Hundreds of marchers gathered Friday evening in support of Randy Cox, a man paralyzed in the back of a New Haven police van, hours after the family said they want civil rights charges filed against the officers involved in the incident.
“If I say my neck is broke, don’t take it as a joke,” protesters chanted as they marched from Stetson Public Library to the New Haven police department.
Cox's family said Friday that the New Haven police department's newly announced reforms don't go far enough — that the department needs a deeper culture change.
New Haven's mayor and newly appointed Chief of Police Karl Jacobson met protesters at the police department and expressed support for the march.
Cox, 36, was in the back of the van without seat belts last month when the driver braked suddenly to avoid a collision, authorities said. Cox flew headfirst into a wall of the van. Family members said he remains paralyzed from the chest down.
New Haven's reforms announced Thursday, include requiring that officers follow posted speed limits and that they don't use electronic devices while driving. Officers also have to ensure prisoners are wearing seatbelts, and must check on their physical health throughout the detention process.
Cox’s sister, LaToya Boomer, questioned why police officers need to be forced to act with compassion.
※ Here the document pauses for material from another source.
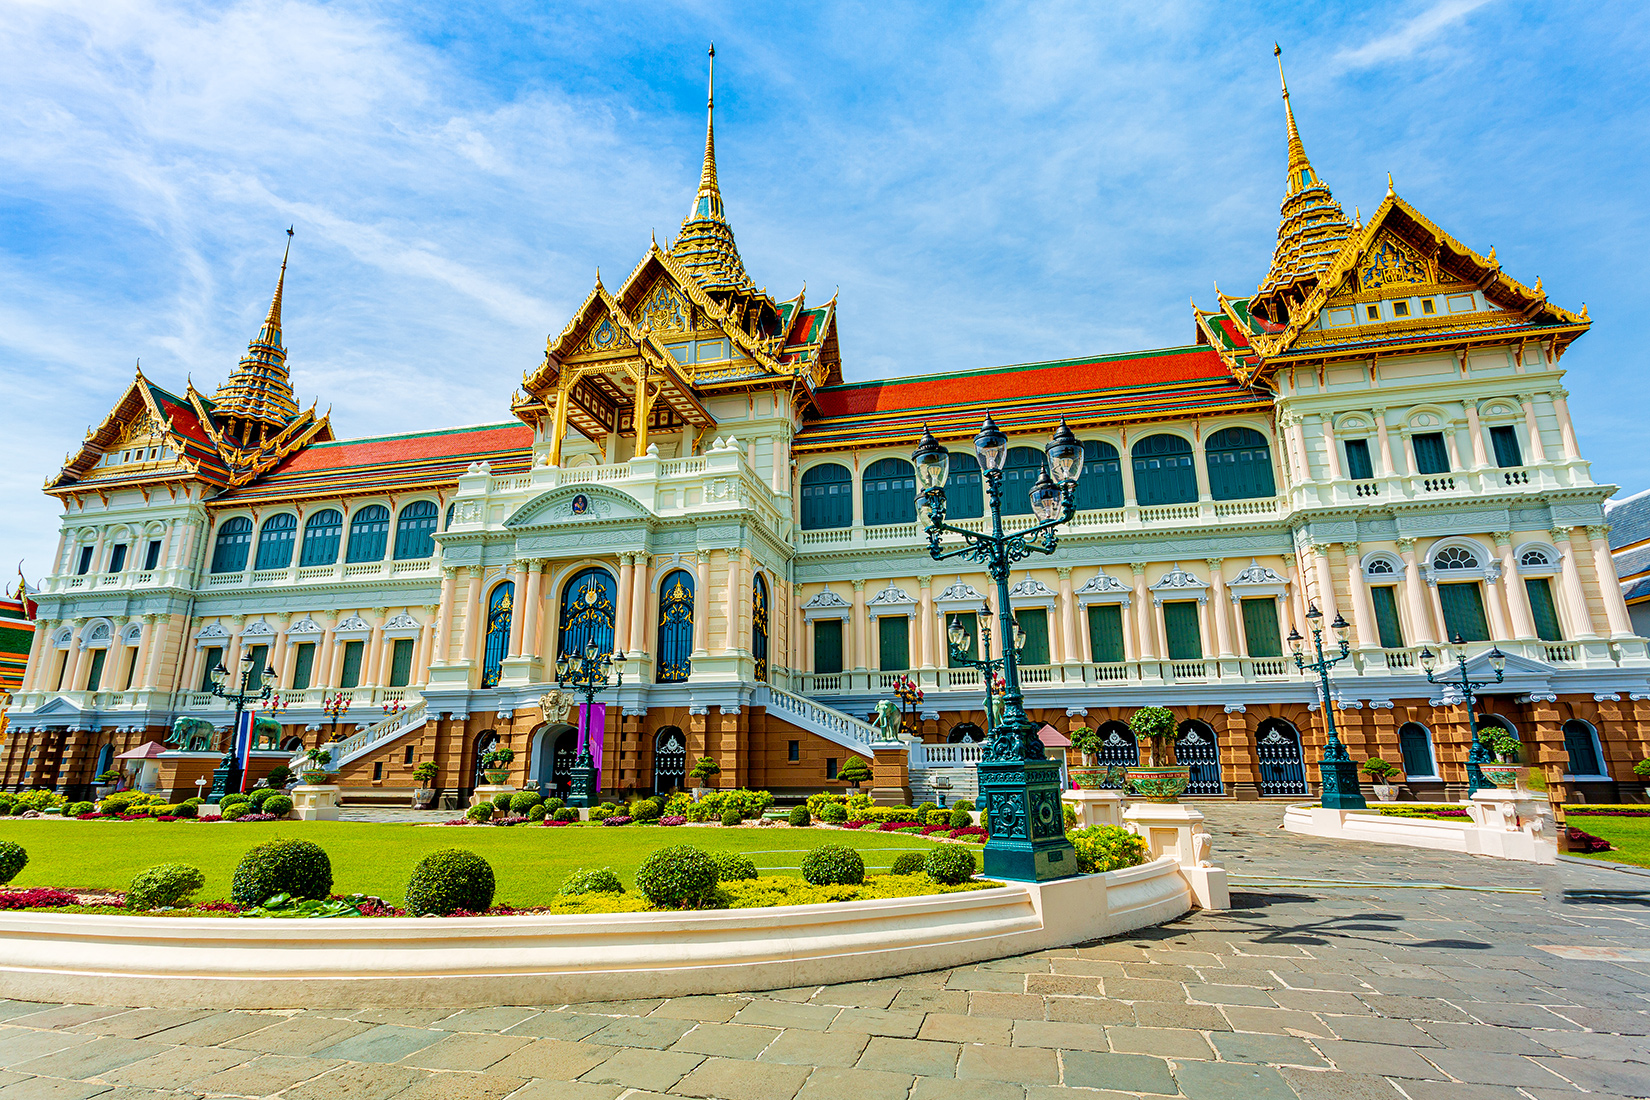 The Grand Palace in Thailand

“Why do you need a policy that says when someone needs help, you give them help?” Boomer said at a Friday morning news conference. “Him saying, ‘I think my neck is broken’ should be the end of discussion.”
Scot X. Esdaile, president of the Connecticut NAACP, said he agreed that there’s a deeper culture issue within the police department.
“When they dragged him out of the van by his legs, and when they threw him into the wheelchair — that’s a whole culture in the New Haven Police Department,” Esdaile said. “That’s a compassion issue. That’s a character issue.”
Justin Elicker, mayor of New Haven, said during a question-and-answer session on Friday that every officer he had spoken to agrees that the incident was unacceptable. And he agreed that the department needs a culture change.
“Policies help lay the foundation, but it’s much more than that,” Elicker said. “It’s about the people that we recruit, the culture that we foster within the police department. It’s about holding those officers that don’t align with those values accountable when there’s an issue.”
Esdaile also argued that these policies may be difficult to enforce.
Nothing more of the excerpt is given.